Report: Sazerac offers $15B for Brown-Forman

5:18 p.m. April 15, 2026

Jack Daniel Distillery

Jack Daniel Distillery

DUANE CROSS
MCO Publisher•Editor

Reuters reported Wednesday that privately held Sazerac has offered about $15 billion to buy Brown-Forman, the Louisville-based spirits company whose portfolio includes Jack Daniel Distillery in Lynchburg.

Citing a source familiar with the matter, Reuters said that the offer amounts to about $32 per share.

Brown-Forman owns Moore County’s signature distillery, its largest employer, and one of the names most closely tied to Lynchburg itself. The distillery also brings more than 300,000 visitors to town each year.

The Sazerac report also muddies Brown-Forman’s already-public talks with Pernod Ricard, the French liquor giant that has been exploring a deal of its own.

Analysts told Reuters that Pernod has generally been seen as the more natural match, partly because of its global reach. A share-swap deal could also help the Brown family keep some control of the company it has run since 1870.
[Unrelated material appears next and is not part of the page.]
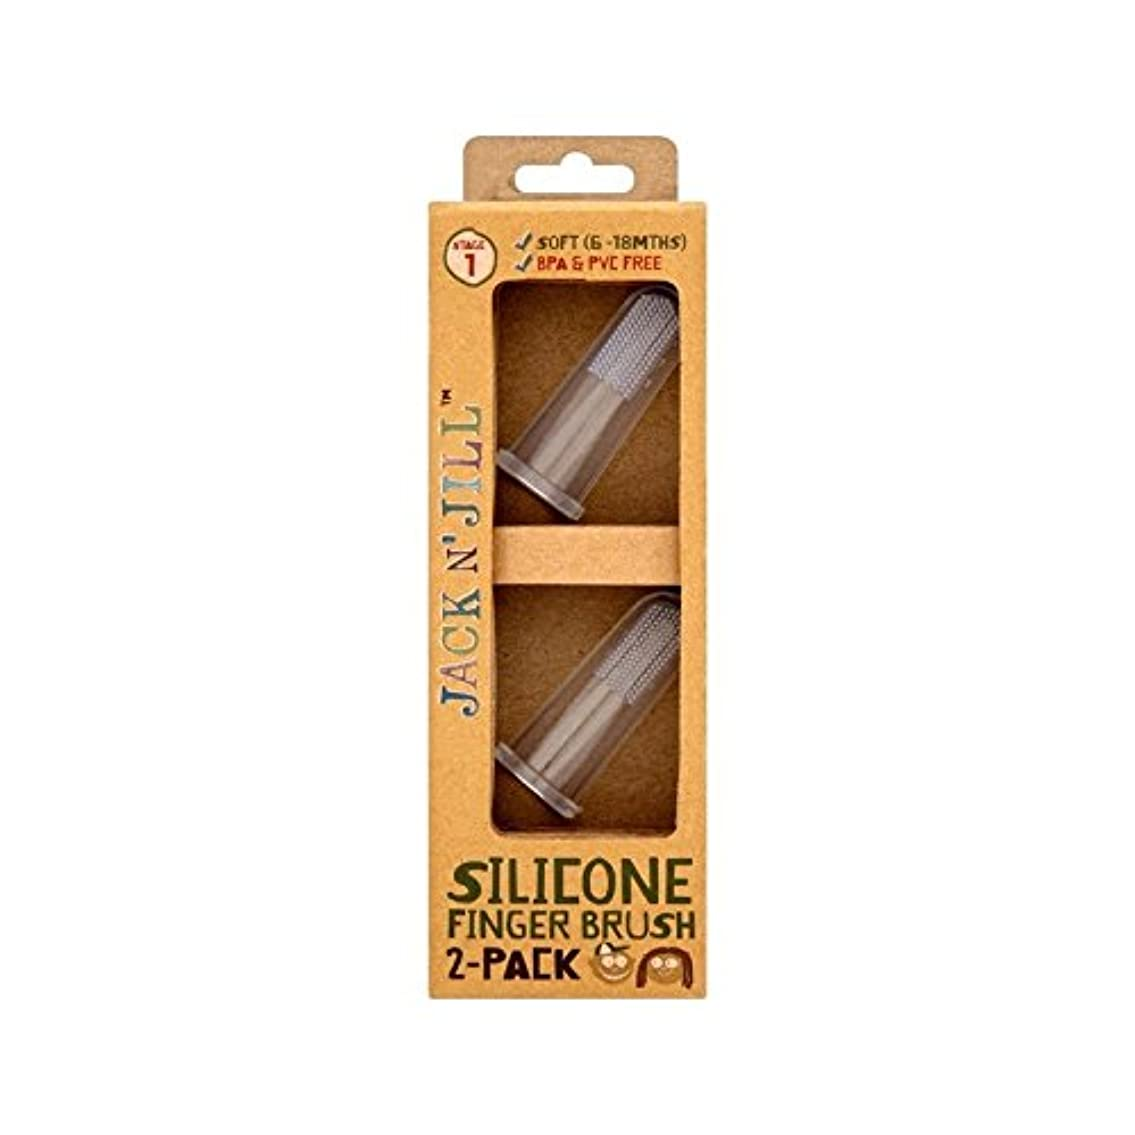 ティーム開発する回転させるシリコーン指ブラシ2パックあたりパック2 (Jack N Jill) (x 6) - Jack N' Jill Silicone Finger Brush 2 Pack 2 per pack (Pack of 6) [並行輸入品]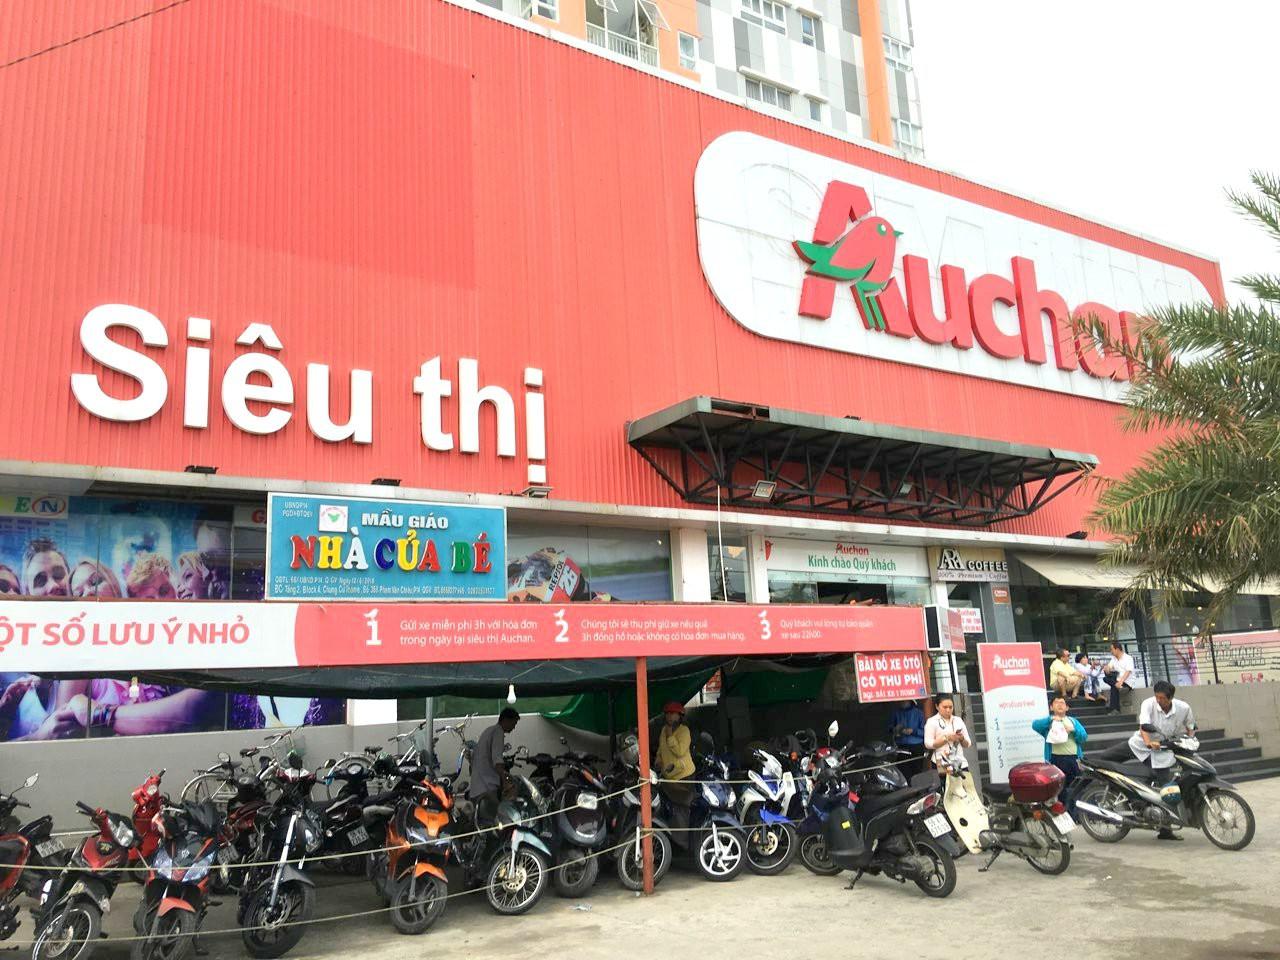 18 siêu thị Auchan tại Việt Nam sẽ sang tên đổi chủ vào thời điểm nào?  - Ảnh 2.

But Sazerac is hardly new to this business.

The company has spent years growing through acquisitions, and it already has a history with Brown-Forman. Sazerac bought Southern Comfort and Tuaca from Brown-Forman in 2016. It is also expanding in Tennessee through its newly named AJ Bond Distillery in La Vergne, which is expected to release its first Tennessee whiskey this summer.

Still, this is a report, not a deal.

Sazerac declined to comment, while Brown-Forman and Pernod Ricard did not immediately respond to requests for comment.

Investors took notice, but they did not act as if a sale had been made. Brown-Forman shares closed Wednesday at $29.57, up about 1% on the day but still below Sazerac’s reported offer price. That suggests the market still sees real obstacles to any deal, including the Brown family’s controlling stake.

The timing matters, too. The spirits business is not riding the same wave it was a few years ago. Alcohol companies are dealing with weaker demand after pandemic-era highs, along with supply-chain strain, tariff uncertainty, and a broader pullback in consumption. Brown-Forman said last month it was sticking with its fiscal 2026 forecast despite what it called a volatile and uncertain macroeconomic environment.